(GOAL OF THE EXERCISE): Print exactly what the entries say, line by line, from the first line down to the one with "Men s Underwear", inclusive.

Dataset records
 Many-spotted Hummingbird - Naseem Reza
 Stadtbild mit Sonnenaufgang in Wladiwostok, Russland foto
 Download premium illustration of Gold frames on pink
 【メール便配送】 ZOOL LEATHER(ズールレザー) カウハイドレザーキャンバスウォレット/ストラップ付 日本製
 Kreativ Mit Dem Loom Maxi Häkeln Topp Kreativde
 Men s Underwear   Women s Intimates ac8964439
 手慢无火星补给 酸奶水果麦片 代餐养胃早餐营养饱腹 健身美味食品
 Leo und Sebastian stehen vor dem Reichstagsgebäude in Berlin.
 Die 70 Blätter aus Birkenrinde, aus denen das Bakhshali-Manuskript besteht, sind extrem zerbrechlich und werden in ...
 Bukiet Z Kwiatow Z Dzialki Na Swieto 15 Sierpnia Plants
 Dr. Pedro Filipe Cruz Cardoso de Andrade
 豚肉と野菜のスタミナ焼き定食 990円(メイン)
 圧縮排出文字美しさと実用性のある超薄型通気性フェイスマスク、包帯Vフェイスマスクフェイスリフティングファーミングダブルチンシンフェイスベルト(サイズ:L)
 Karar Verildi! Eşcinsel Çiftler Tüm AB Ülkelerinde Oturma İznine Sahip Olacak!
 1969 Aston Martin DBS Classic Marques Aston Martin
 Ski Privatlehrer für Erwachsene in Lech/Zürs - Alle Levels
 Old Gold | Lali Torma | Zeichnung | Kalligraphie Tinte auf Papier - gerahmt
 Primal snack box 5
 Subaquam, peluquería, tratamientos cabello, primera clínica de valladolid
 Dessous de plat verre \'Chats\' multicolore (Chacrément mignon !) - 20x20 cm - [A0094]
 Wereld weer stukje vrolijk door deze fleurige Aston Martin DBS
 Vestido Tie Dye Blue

(RESPONSE TO THIS TASK):
 Many-spotted Hummingbird - Naseem Reza
 Stadtbild mit Sonnenaufgang in Wladiwostok, Russland foto
 Download premium illustration of Gold frames on pink
 【メール便配送】 ZOOL LEATHER(ズールレザー) カウハイドレザーキャンバスウォレット/ストラップ付 日本製
 Kreativ Mit Dem Loom Maxi Häkeln Topp Kreativde
 Men s Underwear   Women s Intimates ac8964439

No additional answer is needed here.